When I was at university one of our senior lecturers was a widely recognized Coastal Geomorphologist. In other words, he was an expert on coastal landforms. I don’t remember anything he taught but I do remember vividly a story he told – which in itself is food for thought for how we teach Mathematics? The lecturer recounted how he attended a lecturer on rising sea levels. The data collected from a local wharf, said the presenter, showed that the sea level was rising at quite rapid rates. My lecturer, being the thoughtful academic he was, asked the question, “Could the data show that the wharf is sinking?!”

Decline standards Oz

Every three years, international data is released on how well students are scoring in a few key subjects, including Mathematics and Science. The graph below indicates a big drop in these standards for 15 year old students in Australia. Now, of course, the data could also show that scores for other countries have gone up and that, in fact, there is no actual decline in the standards for our Australian students!

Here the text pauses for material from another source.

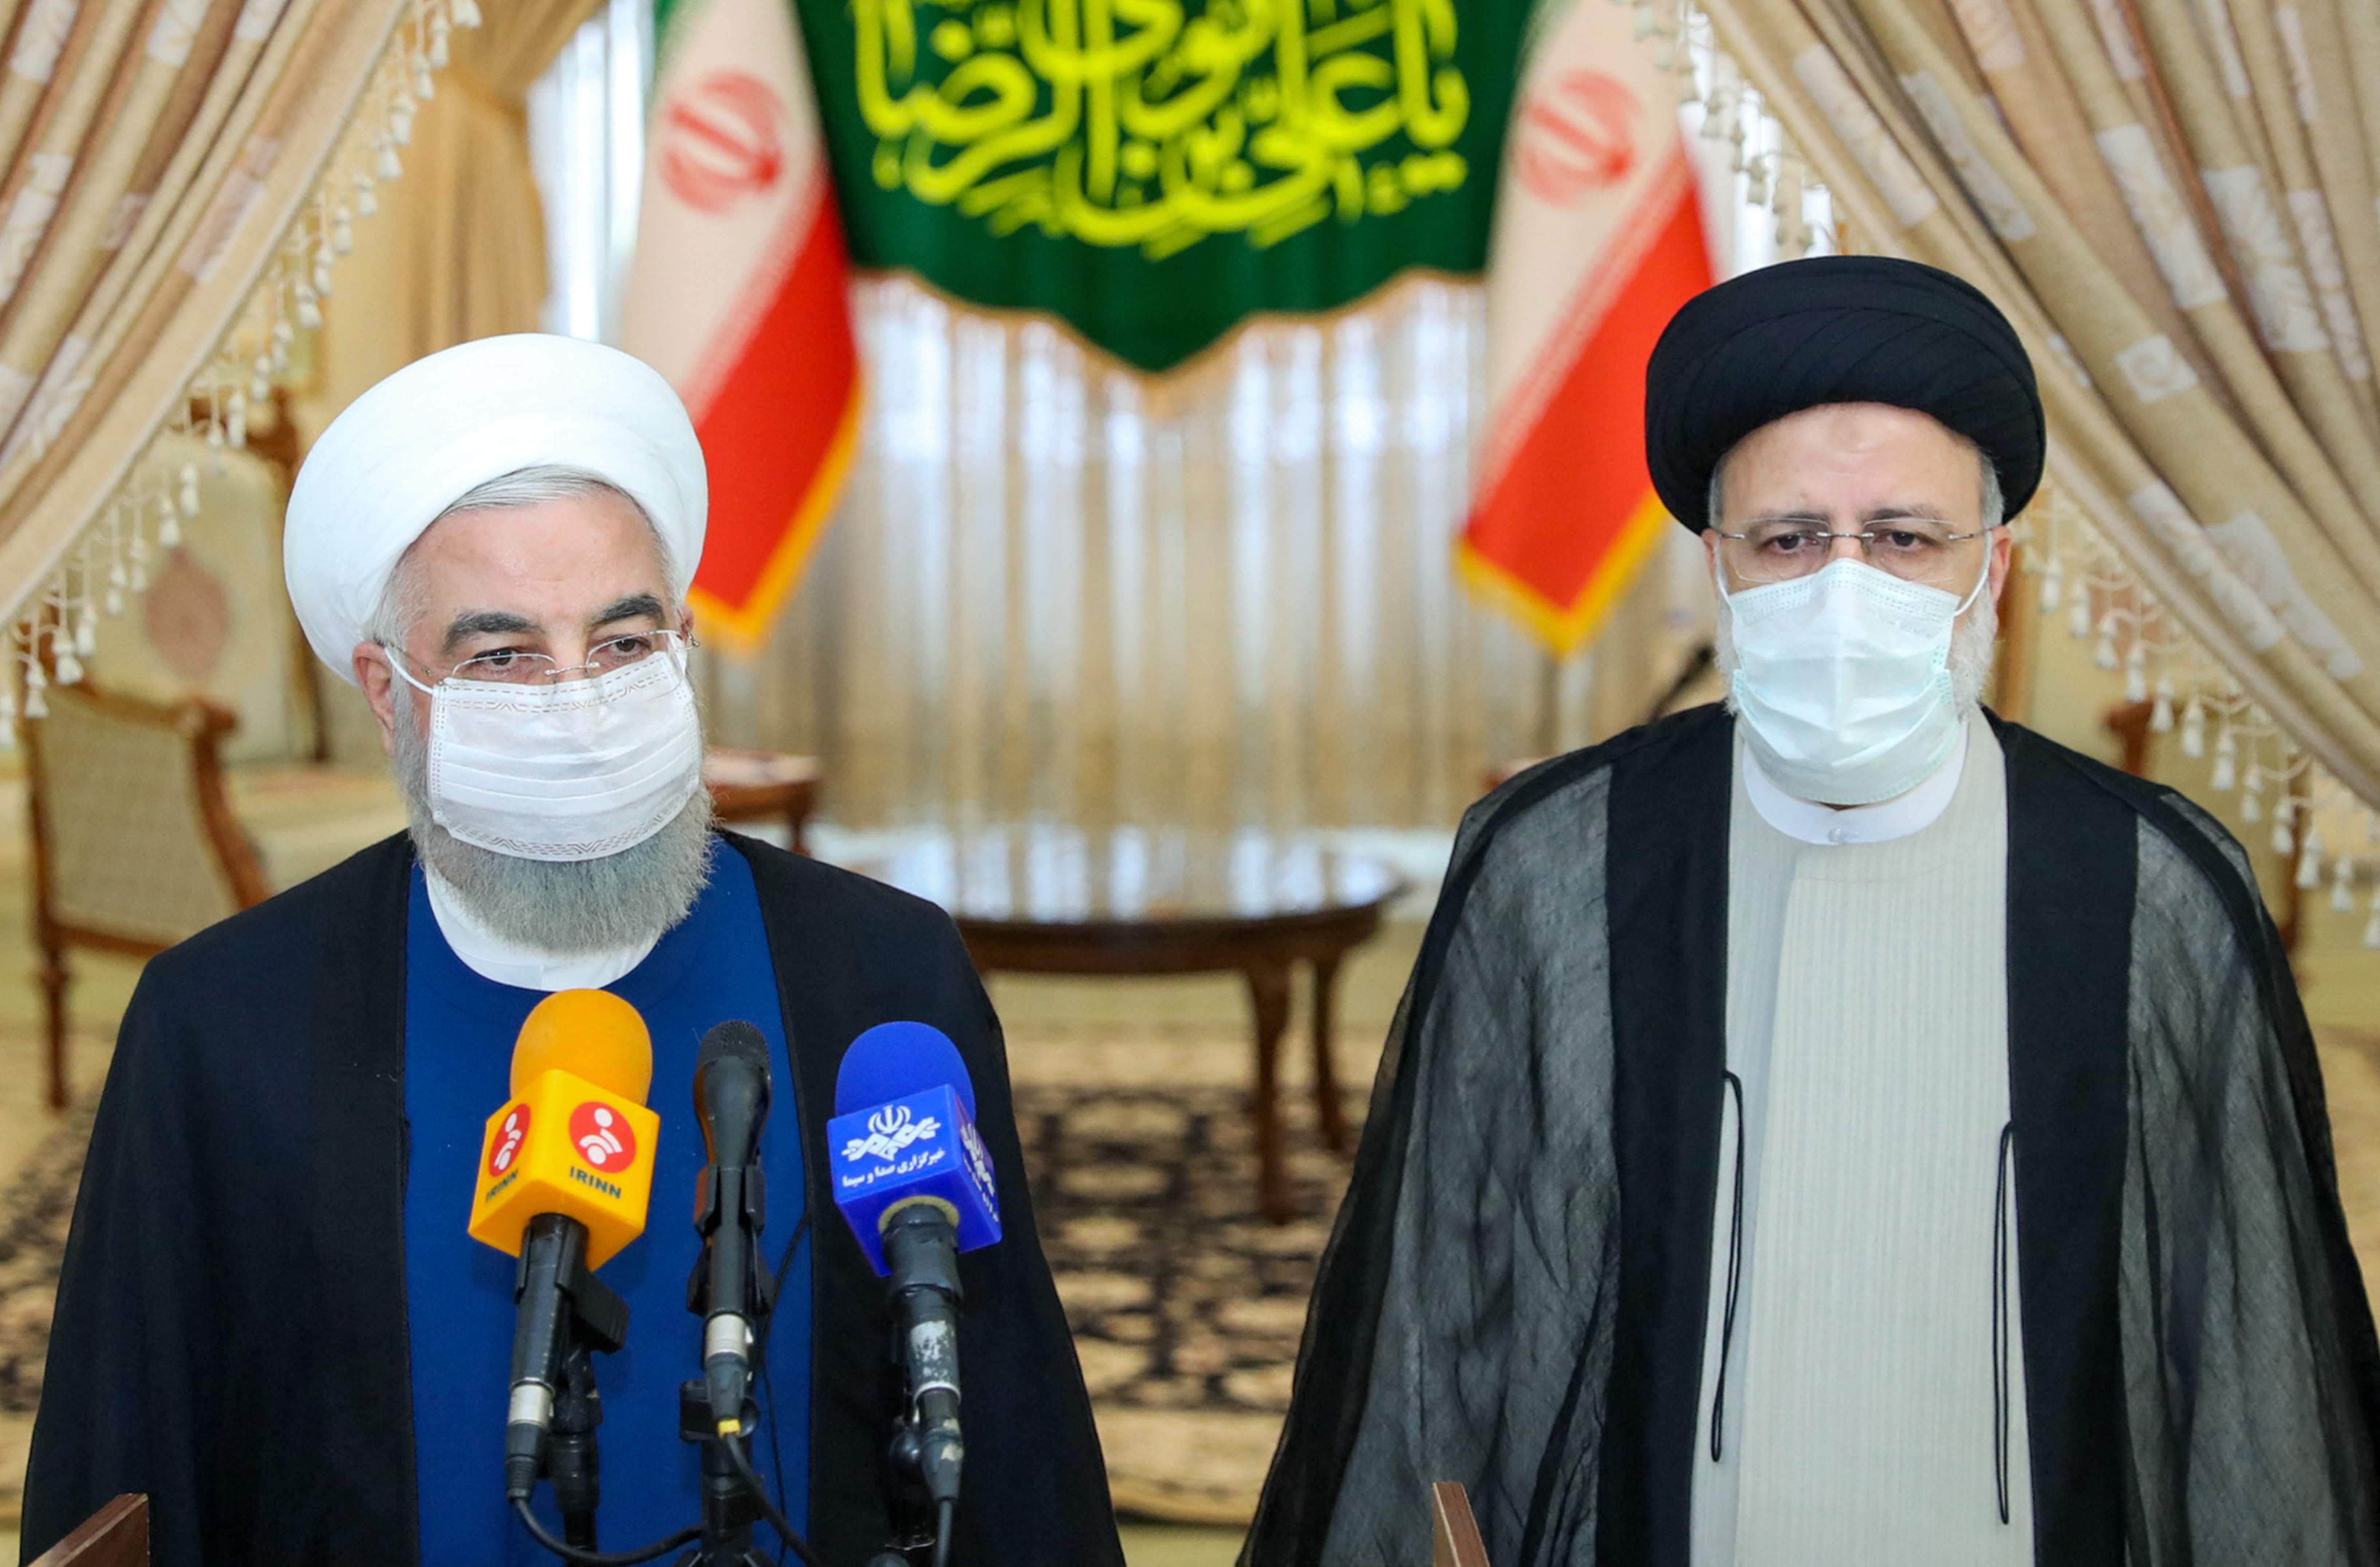 Outgoing president Hassan Rouhani (L) takes part in a press conference with president-elect Ebrahim Raisi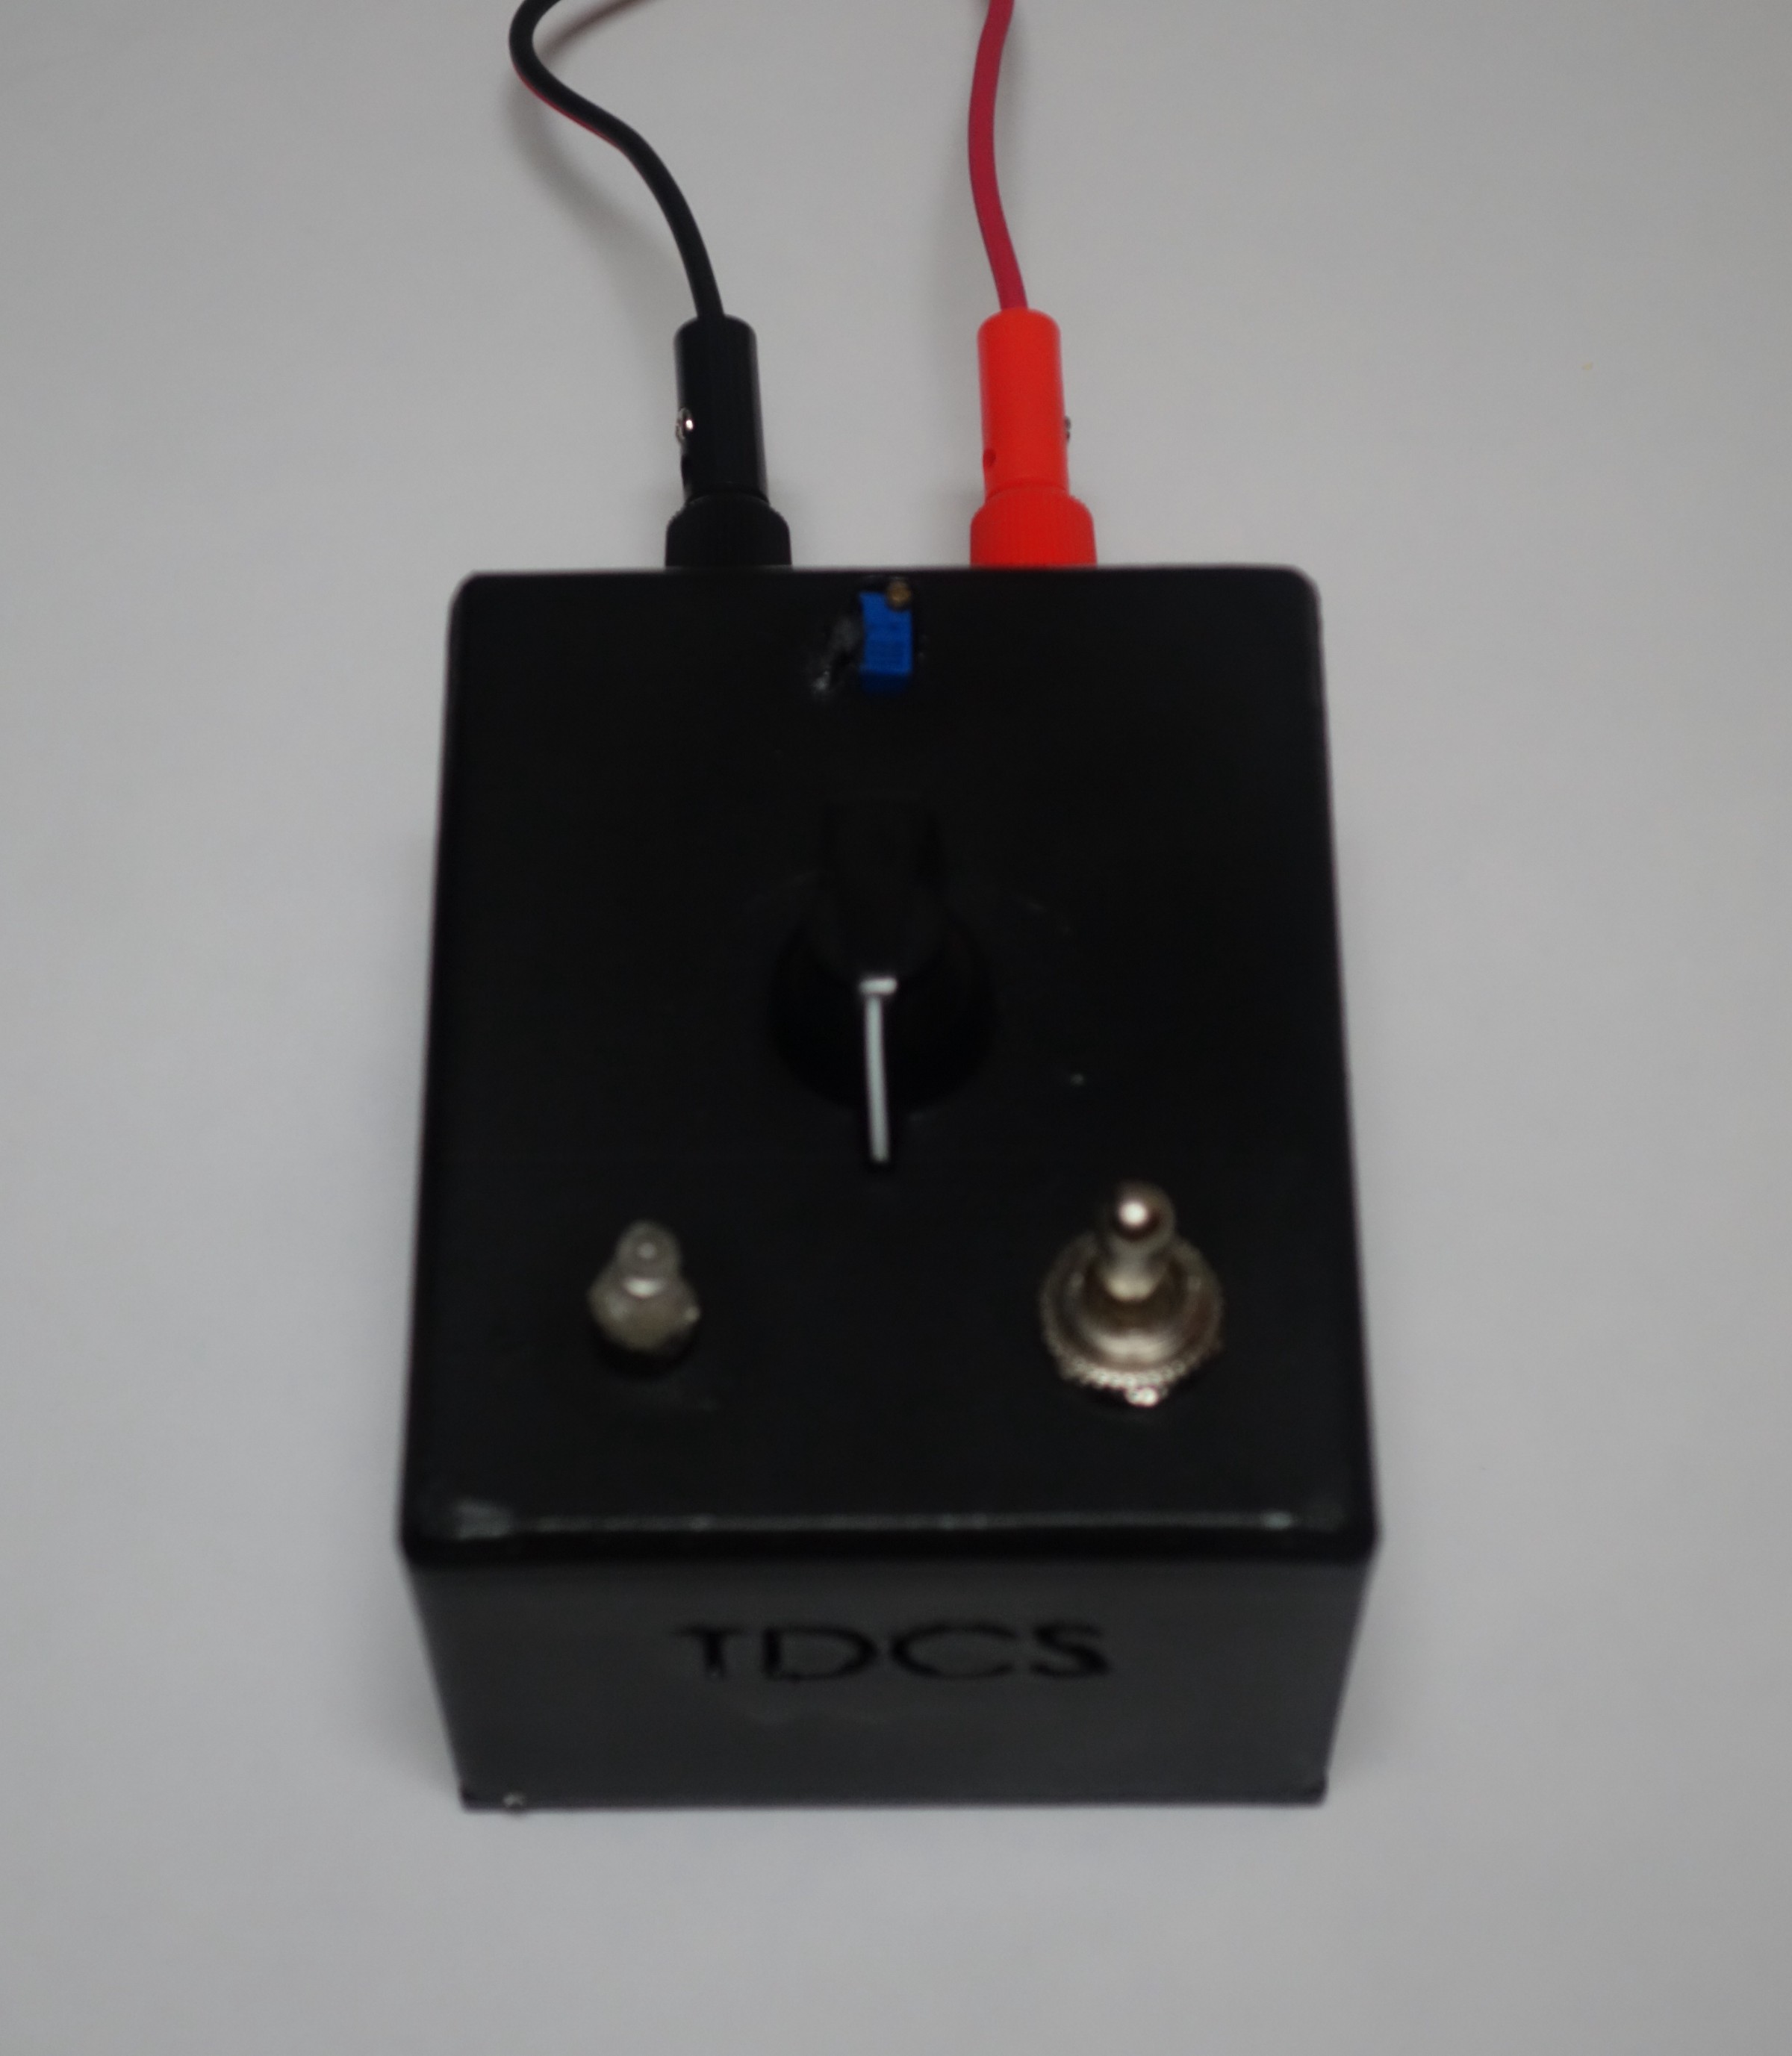 The TDCS device — fully assembled

An article on the TES website ask, “What if there are “serious problems” with the Pisa data? What if the statistical techniques used to compile it are “utterly wrong” and based on a “profound conceptual error”? Suppose the whole idea of being able to accurately rank such diverse education systems is “meaningless”, “madness”? What if you learned that Pisa’s comparisons are not based on a common test, but on different students answering different questions? And what if switching these questions around leads to huge variations in the all- important Pisa rankings, with the UK finishing anywhere between 14th and 30th and Denmark between fifth and 37th? What if these rankings – that so many reputations and billions of pounds depend on, that have so much impact on students and teachers around the world – are in fact “useless”?”

Yes, this is a clear case of the seriously Leaning Power of Pisa!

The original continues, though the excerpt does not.